There are ACEA specifications for passengers car motor oils (the A/B class) for catalyst compatible motor oils (the C class) and for heavy duty diesel engine oils (the E class). The classes are further devided into categories to meet the requirements of different engines. The A/B class's A1/B1 and A5/B5 oils have lower HTHS viscosities, which means that they provide better fuel economy but they may not provide adequate protection in engines that are not designed for them. ACEA A3/B3 and A3/B4 on the other hand require oils with higher HTHS viscosities that may not provide as good fuel economy as an A1/B1 or A5/B5 oil but may offer better engine protection in certain engine designs. The categories within the C class are divided along SAPS limits and along HTHS viscosities. C1 and C4 are low-SAPS oils, while C2 and C3 are mid-SAPS oils. On the other hand C1 and C2 oils have lower HTHS viscosities, while C3 and C4 oils have higher HTHS viscosities.

A/B: gasoline and diesel engine oils

ACEA A1/B1 Stable, stay-in-grade oil intended for use at extended drain intervals in gasoline engines and car & light van diesel engines specifically designed to be capable of using low friction low viscosity oils with a high temperature / high shear rate viscosity of 2.6 mPa*s for xW/20 and 2.9 to 3.5 mPa.s for all other viscosity grades. These oils are unsuitable for use in some engines. Consult owner manual or handbook if in doubt.

ACEA A3/B3 Stable, stay-in-grade oil intended for use in high performance gasoline engines and car & light van diesel engines and/or for extended drain intervals where specified by the engine manufacturer, and/or for year-round use of low viscosity oils, and/or for severe operating conditions as defined by the engine manufacturer.

ACEA A3/B4 Stable, stay-in-grade oil intended for use in high performance gasoline and direct injection diesel engines, but also suitable for applications described under A3/B3.

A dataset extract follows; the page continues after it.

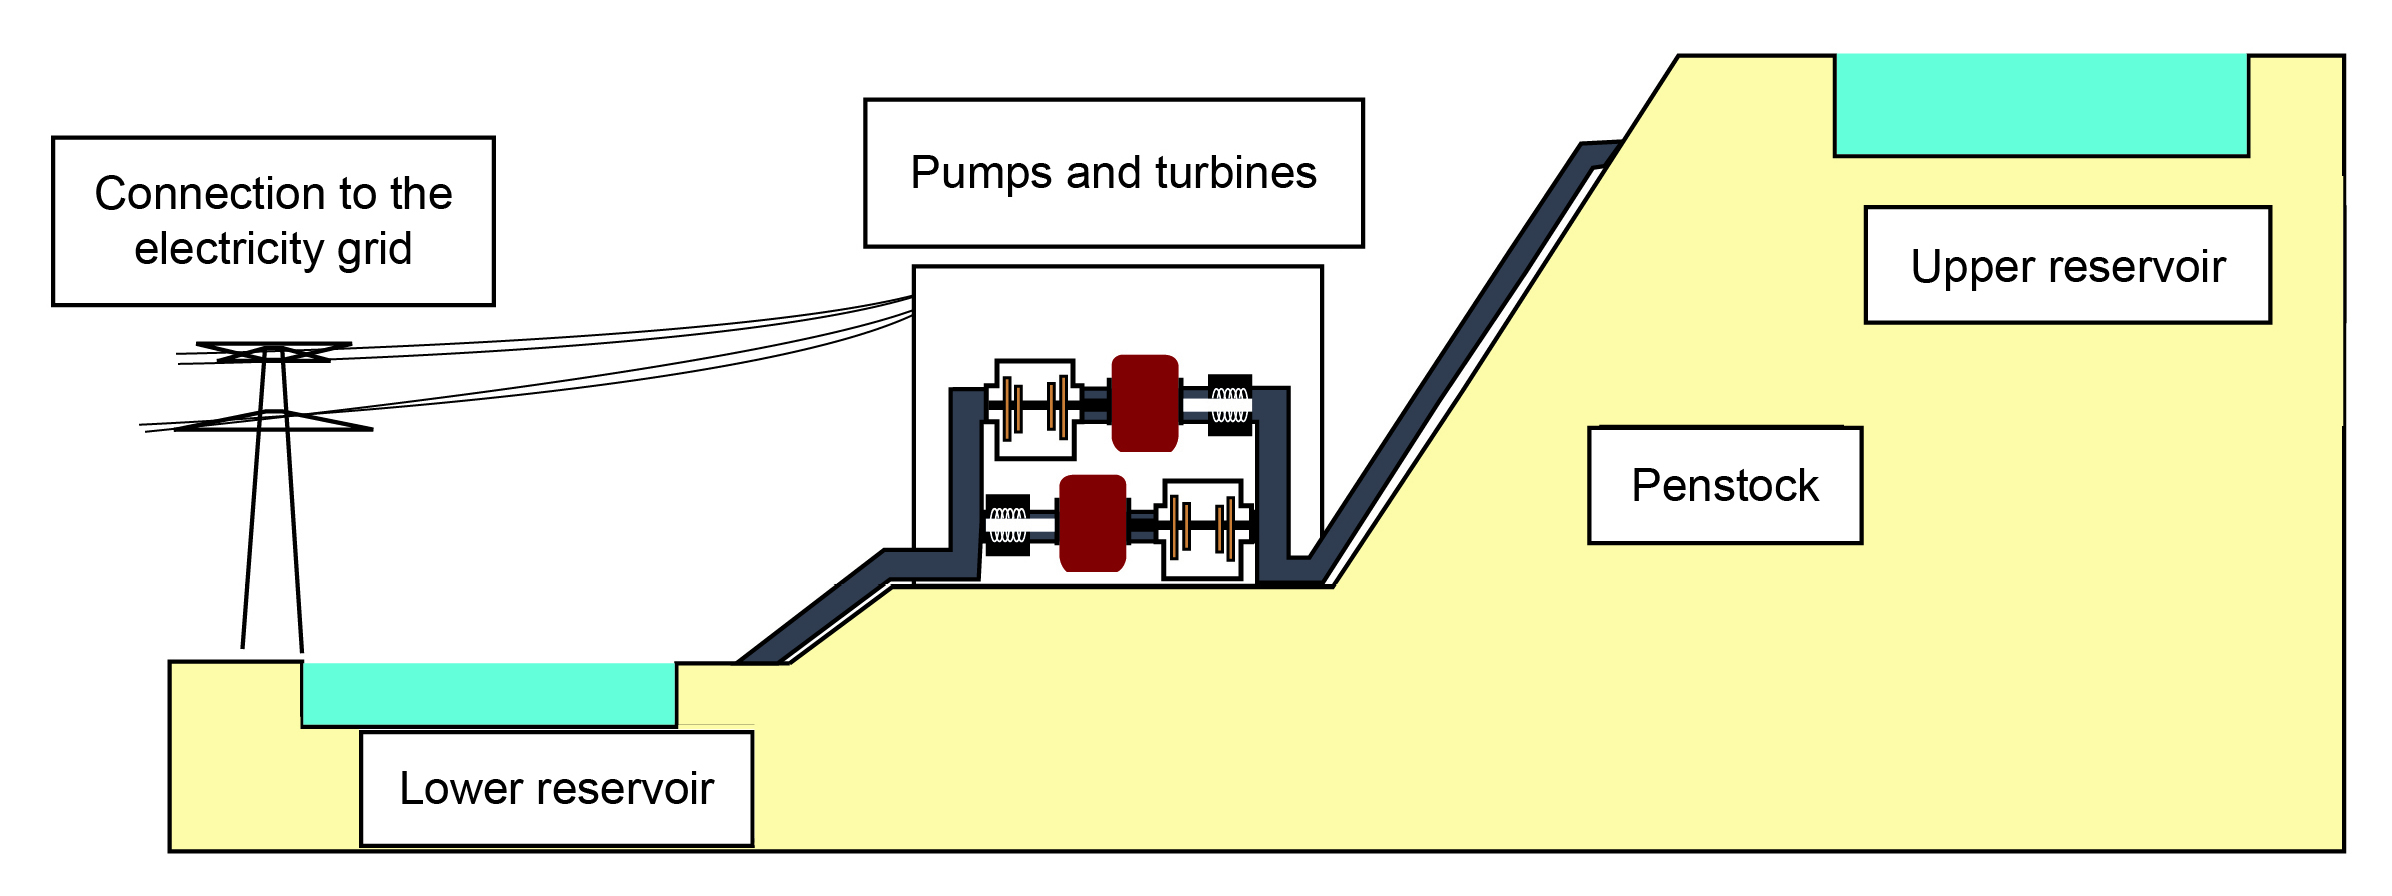 Schema explaining how Pumped-Storage Power Plants work

ACEA A5/B5 Stable, stay-in-grade oil intended for use at extended drain intervals in high performance gasoline engines and car & light van diesel engines designed to be capable of using low friction low viscosity oils with a High temperature / High shear rate (HTHS) viscosity of 2.9 to 3.5 mPa.s. These oils are unsuitable for use in some engines. Consult owner manual or handbook if in doubt.

C: Catalyst compatibility oils

ACEA C1 Stable, stay-in-grade oil intended for use as catalyst compatible oil in vehicles with DPF and TWC in high performance car and light van diesel and gasoline engines requiring low friction, low viscosity, low SAPS oils with a minimum HTHS viscosity of 2.9 mPa.s. These oils will increase the DPF and TWC life and maintain the vehicles fuel economy. Warning: these oils have the lowest SAPS limits and are unsuitable for use in some engines. Consult owner manual or handbook if in doubt.

ACEA C2 Stable, stay-in-grade oil intended for use as catalyst compatible oil in vehicles with DPF and TWC in high performance car and light van diesel and gasoline engines designed to be capable of using low friction, low viscosity oils with a minimum HTHS viscosity of 2.9mPa.s. These oils will increase the DPF and TWC life and maintain the vehicles fuel economy. Warning: these oils are unsuitable for use in some engines. Consult owner manual or handbook if in doubt.

ACEA C3 Stable, stay-in-grade oil intended for use as catalyst compatible oil in vehicles with DPF and TWC in high performance car and light van diesel and gasoline engines, with a minimum HTHS viscosity of 3.5mPa.s. These oils will increase the DPF and TWC life. Warning: these oils are unsuitable for use in some engines. Consult owner manual or handbook if in doubt.

ACEA C4 Stable, stay-in-grade oil intended for use as catalyst compatible oil in vehicles with DPF and TWC in high performance car and light van diesel and gasoline engines requiring low SAPS oil with a minimum HTHS viscosity of 3.5mPa.s. These oils will increase the DPF and TWC life. Warning: these oils are unsuitable for use in some engines. Consult owner manual or handbook if in doubt.

Source for ACEA specification: http://www.oilspecifications.org/acea.php

Warning: Some oils are unsuitable for use in some engines. Consult owner manual or handbook if in doubt.